> [What is being asked]
All that is needed is an exact repetition of the lines from the one containing "Harajuku Kame Turtle" through the final line of the material, without pictures.

---------- The data ----------

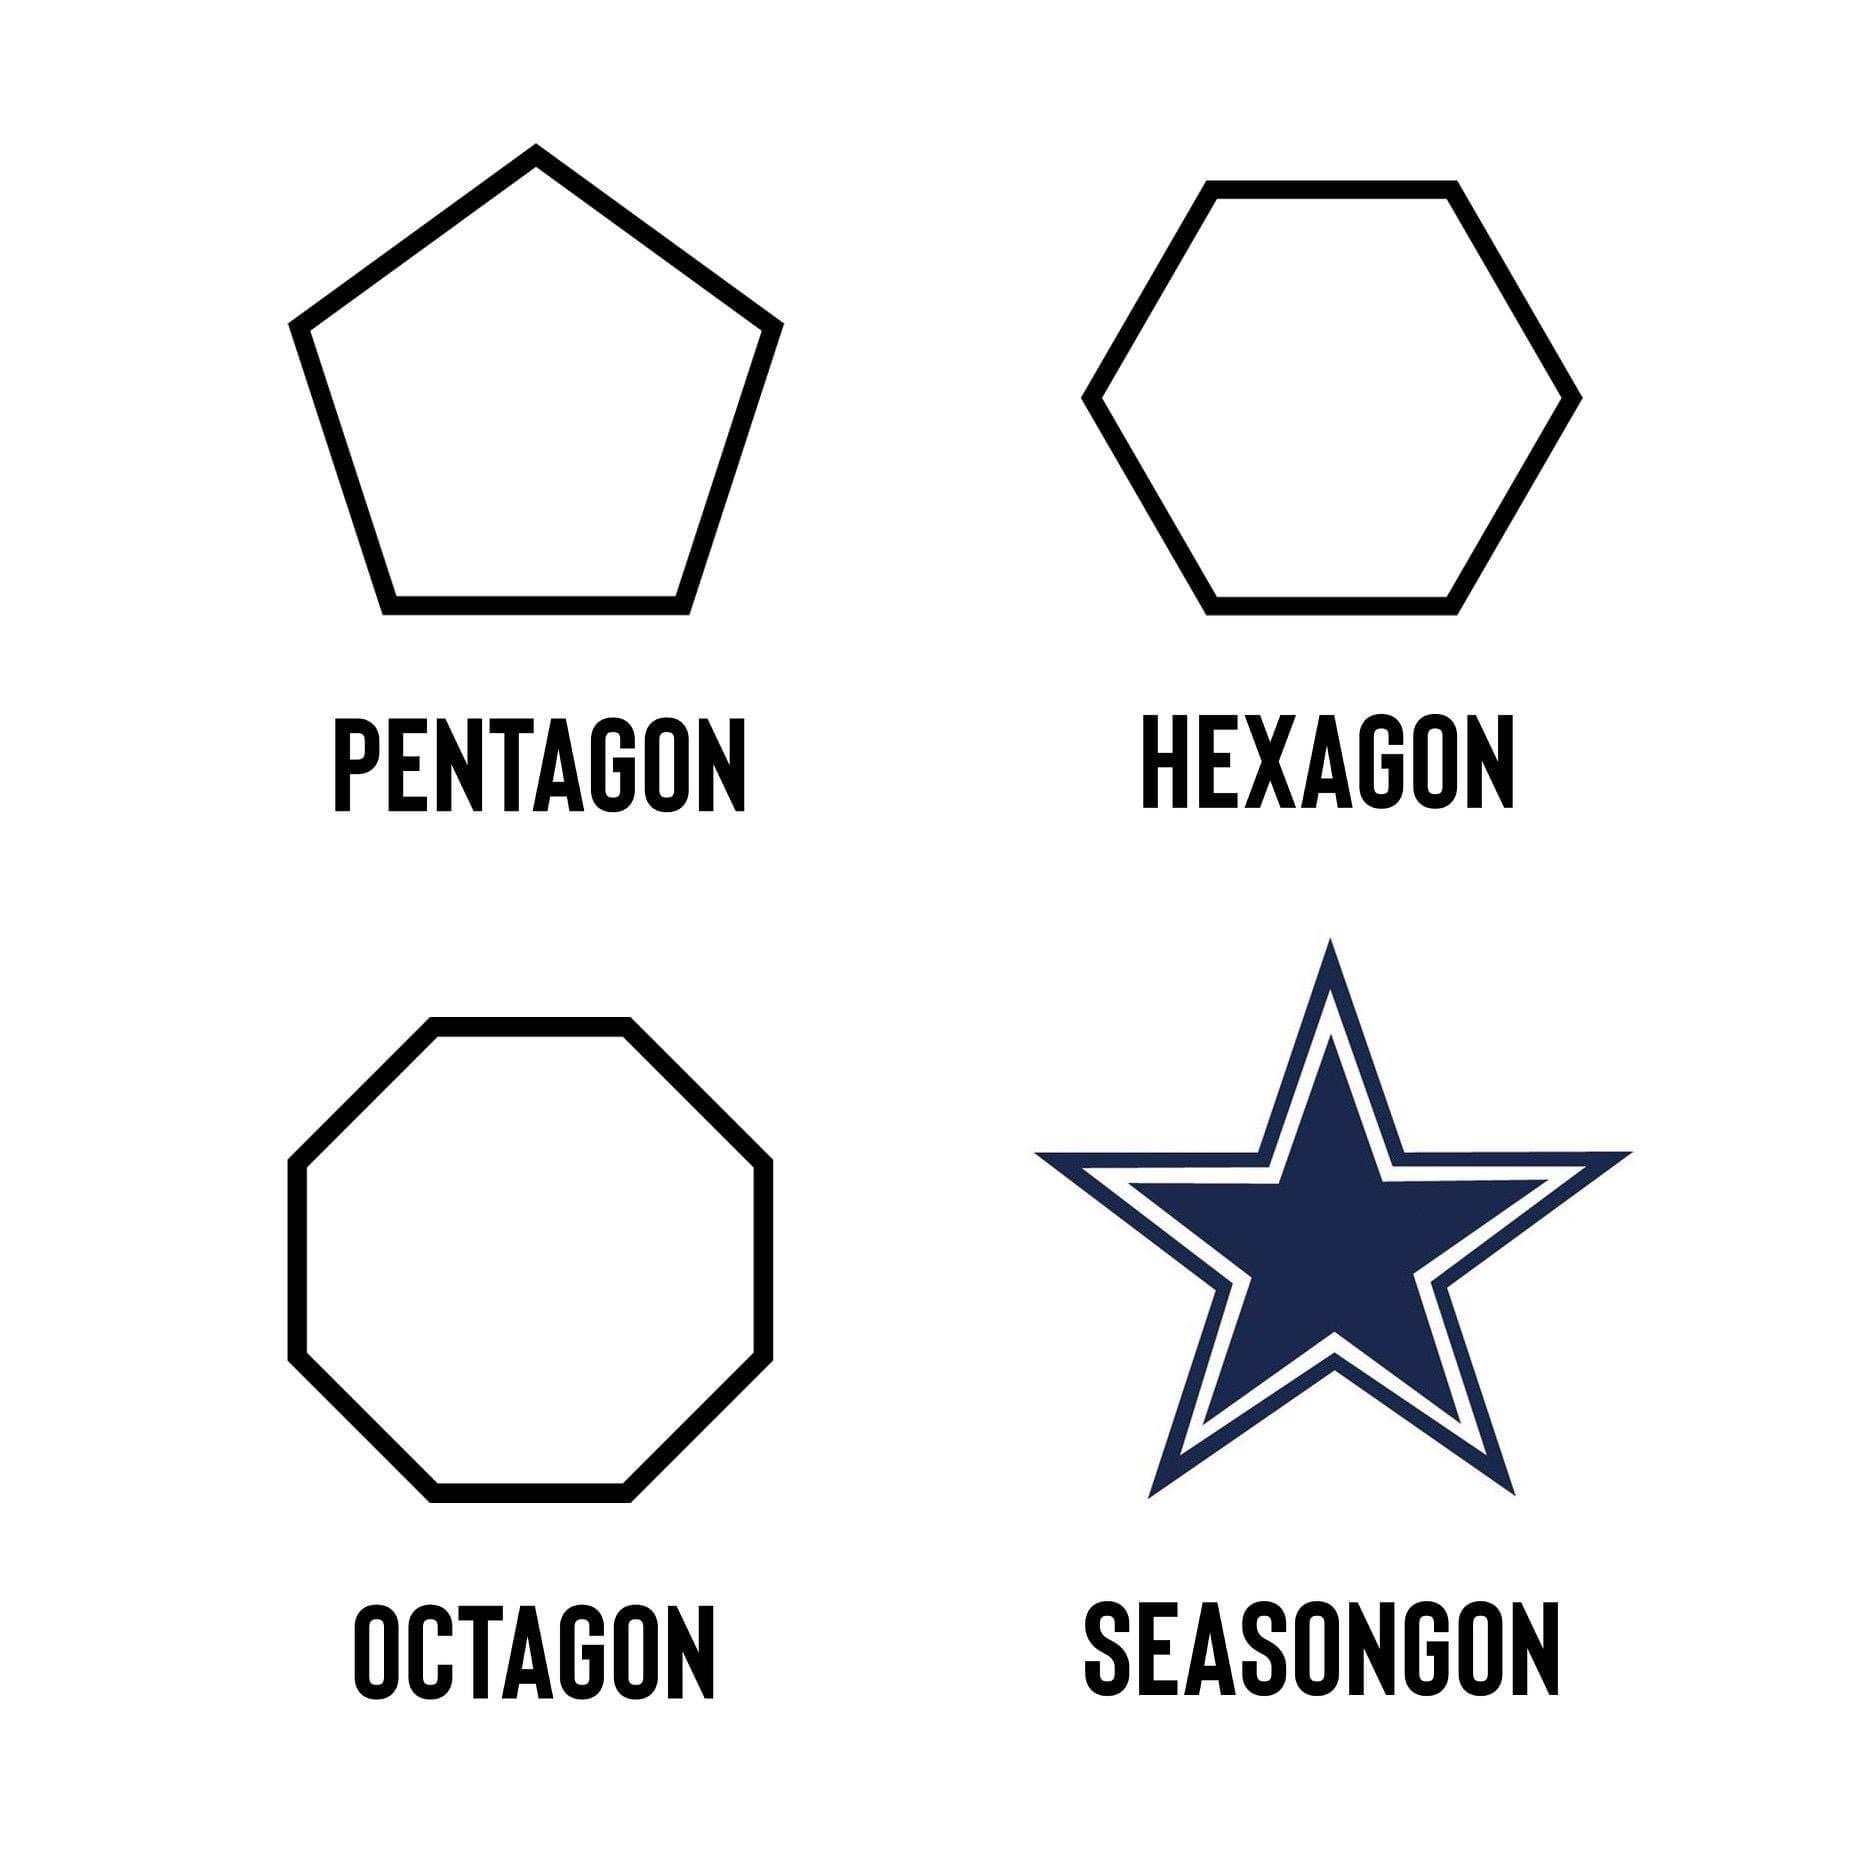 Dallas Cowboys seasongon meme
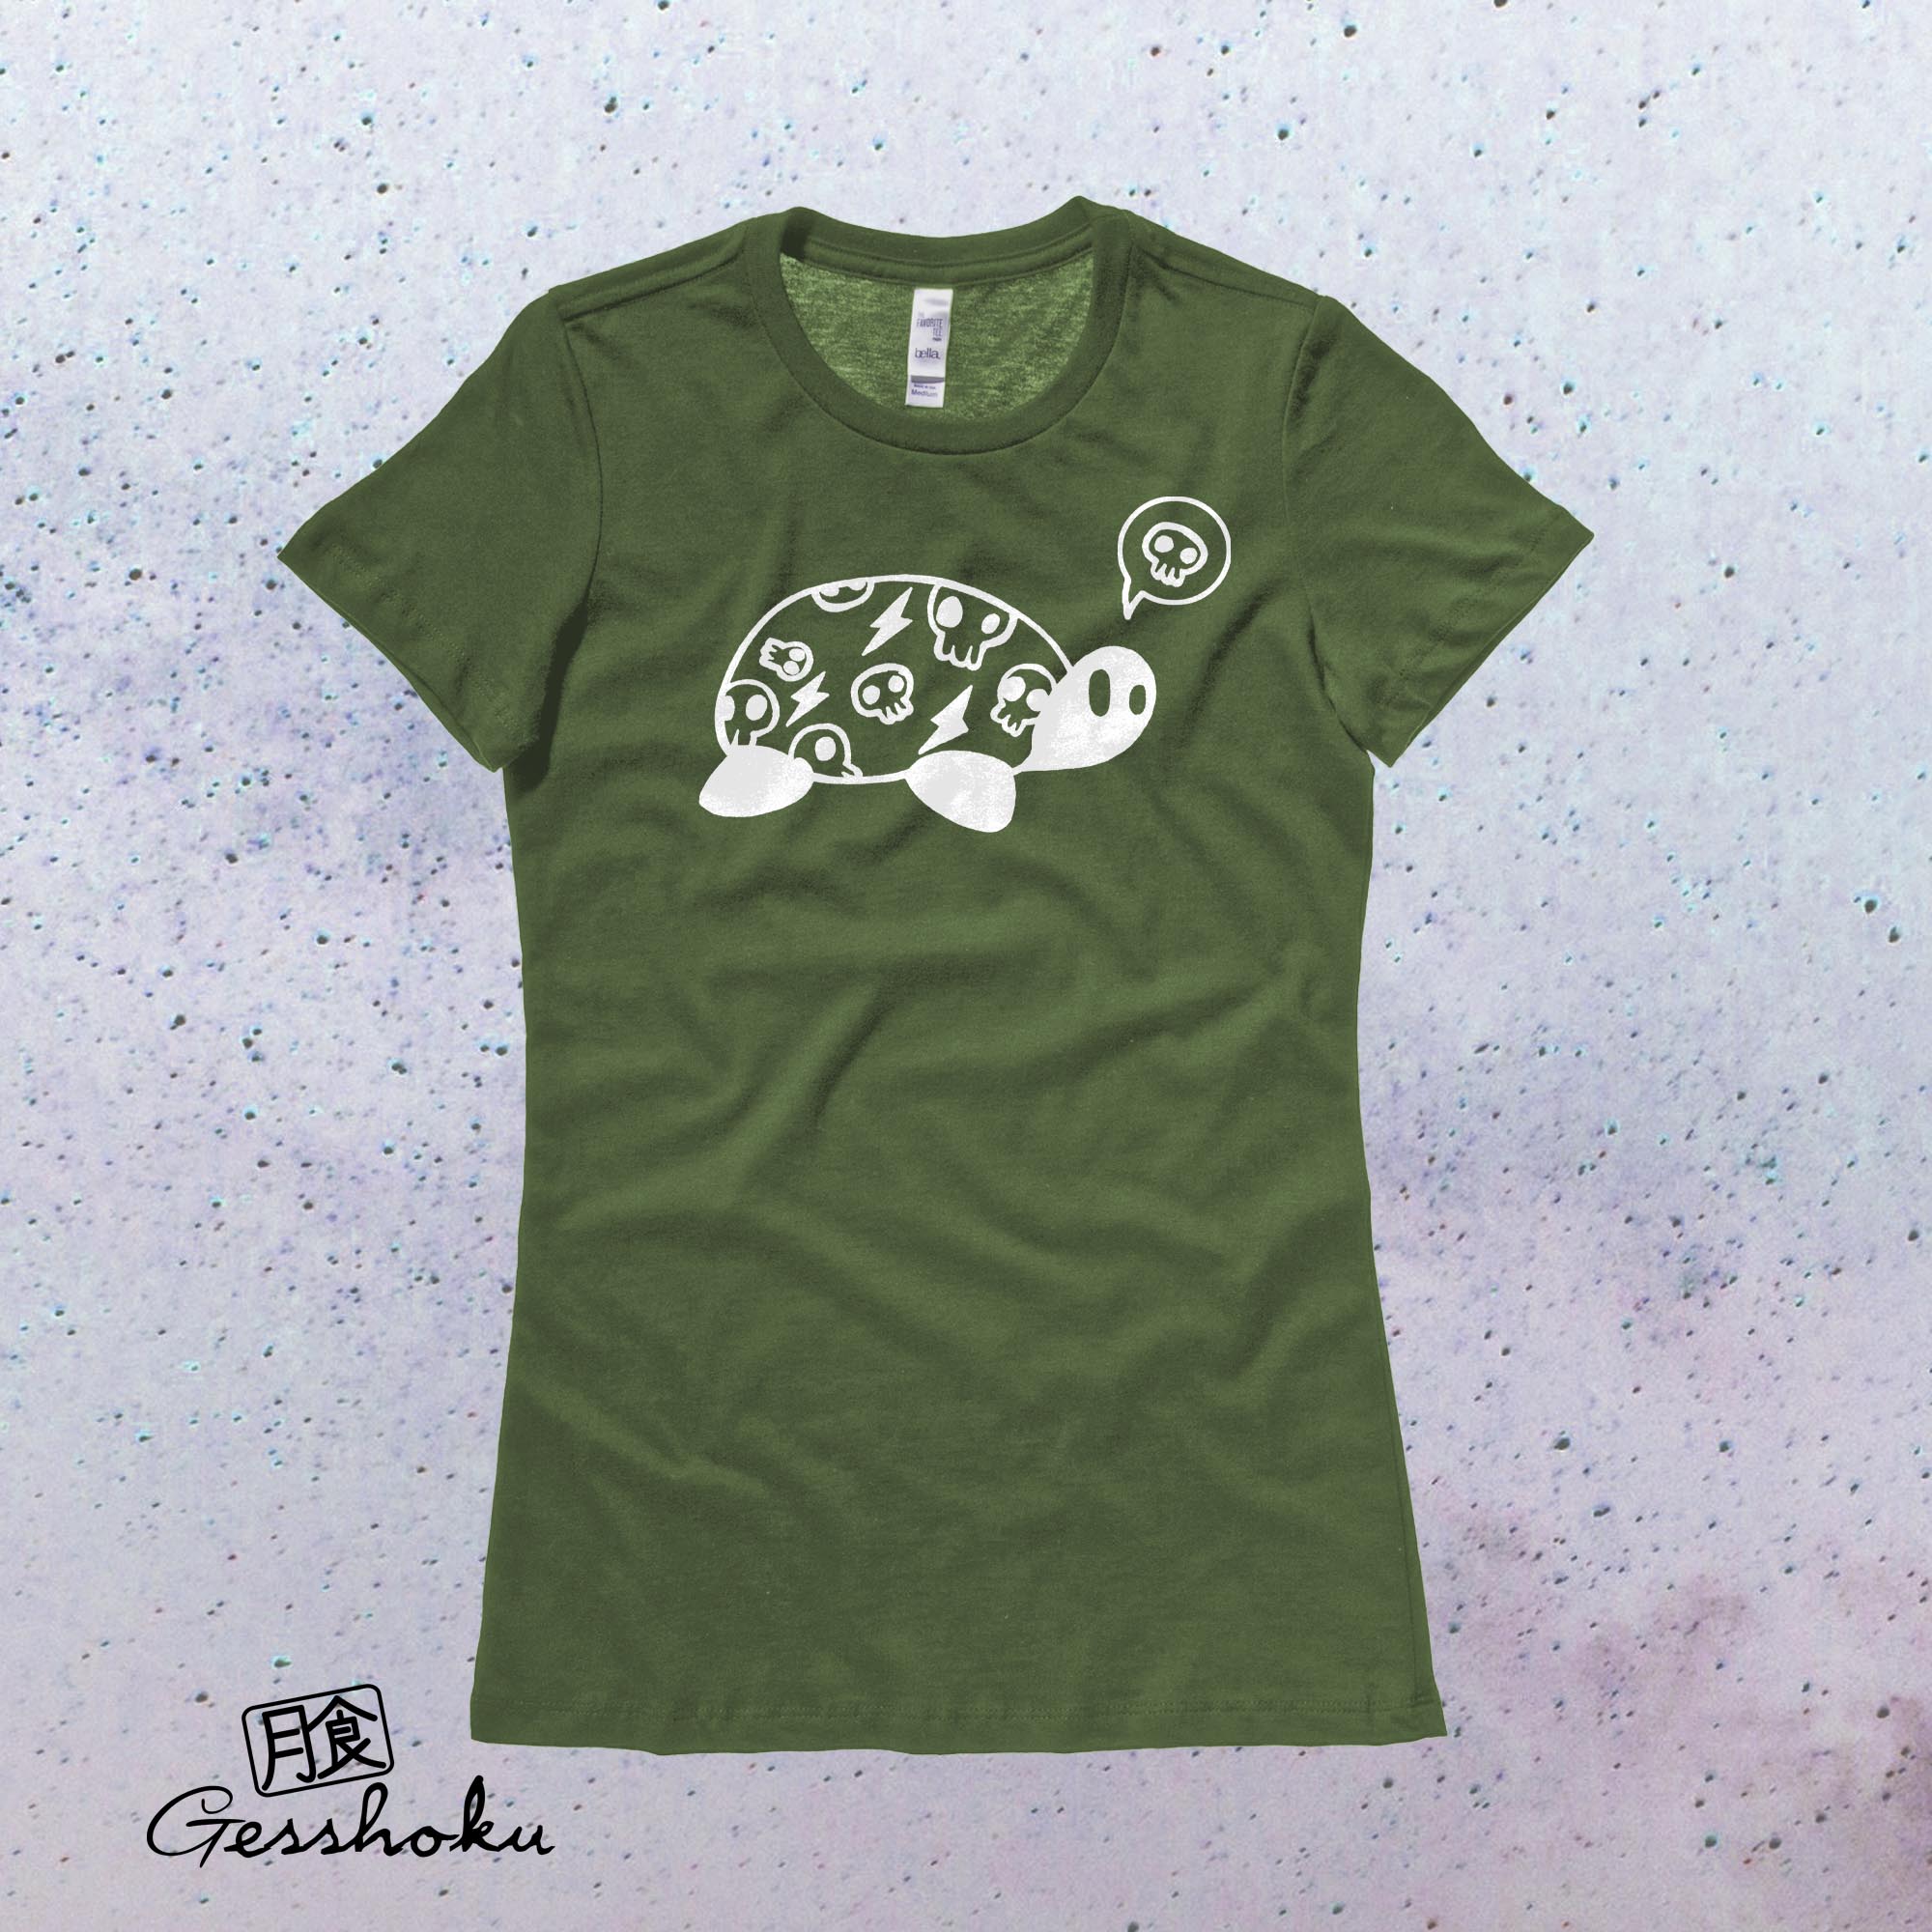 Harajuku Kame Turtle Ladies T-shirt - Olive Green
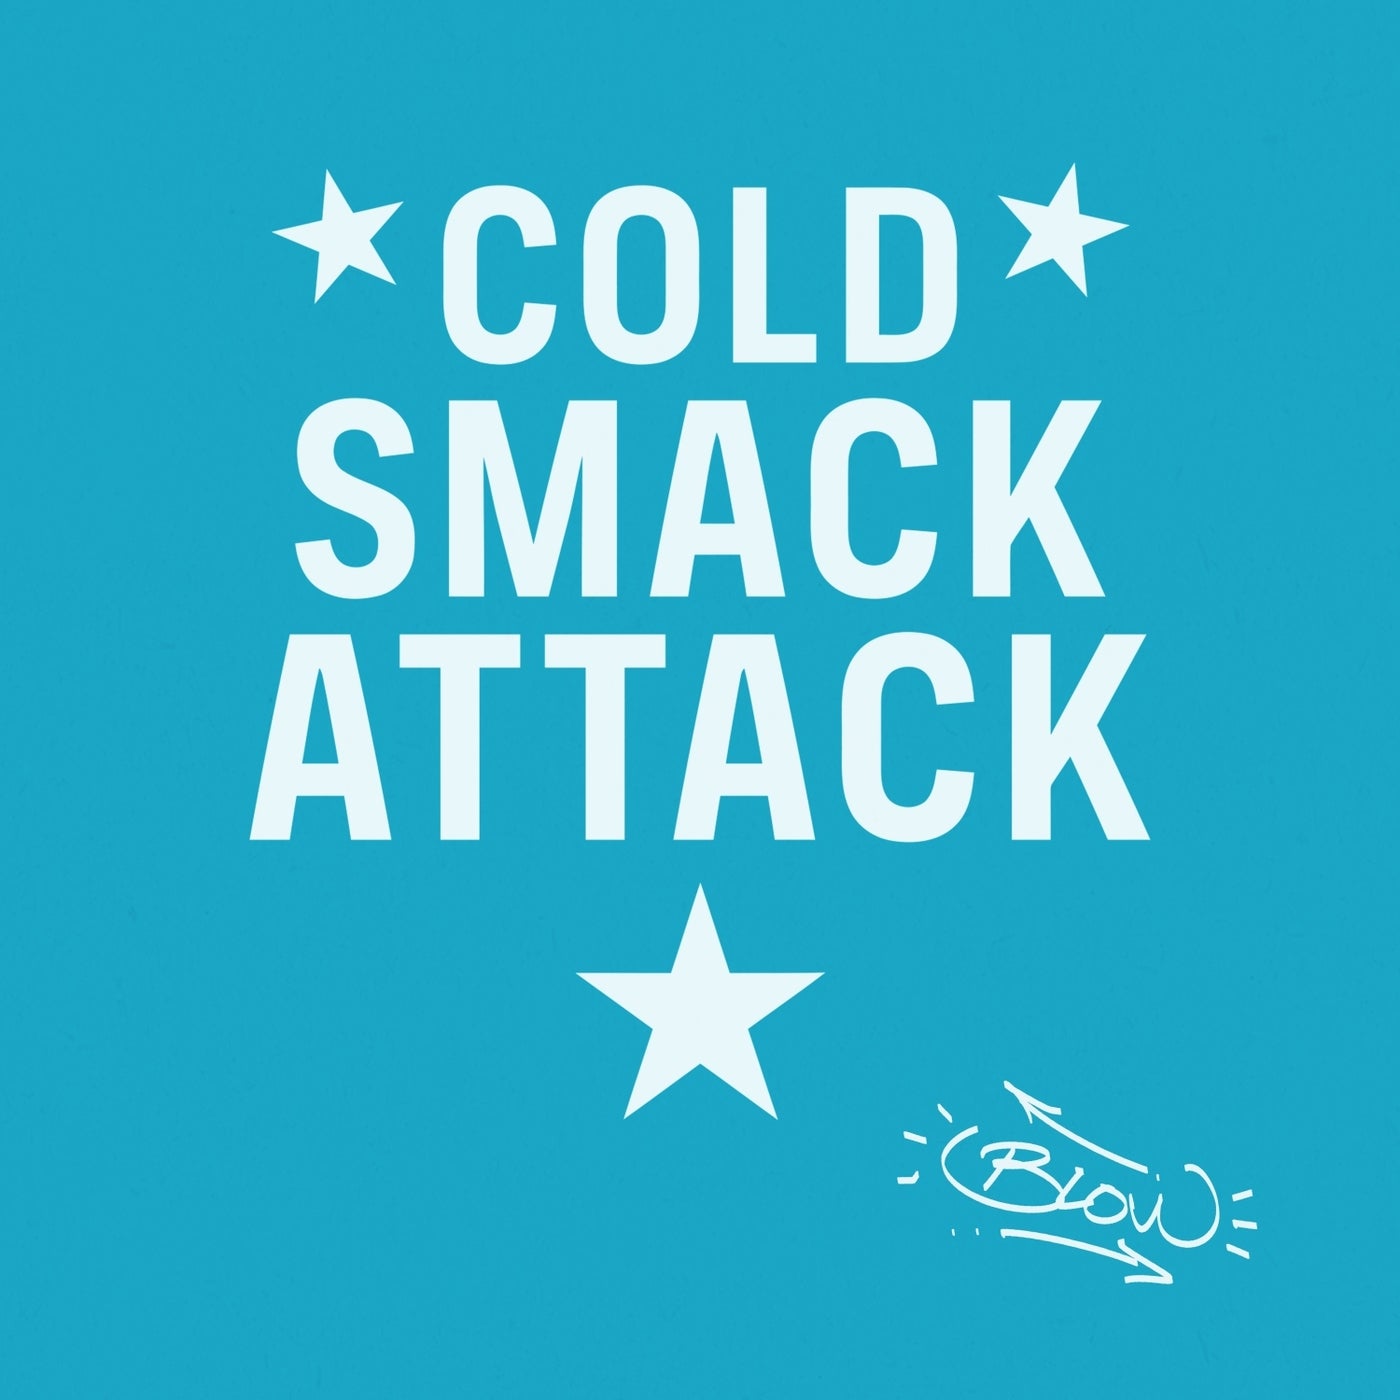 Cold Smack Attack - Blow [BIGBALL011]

----------

> [Answer space]
 Harajuku Kame Turtle Ladies T-shirt - Olive Green
 Cold Smack Attack - Blow [BIGBALL011]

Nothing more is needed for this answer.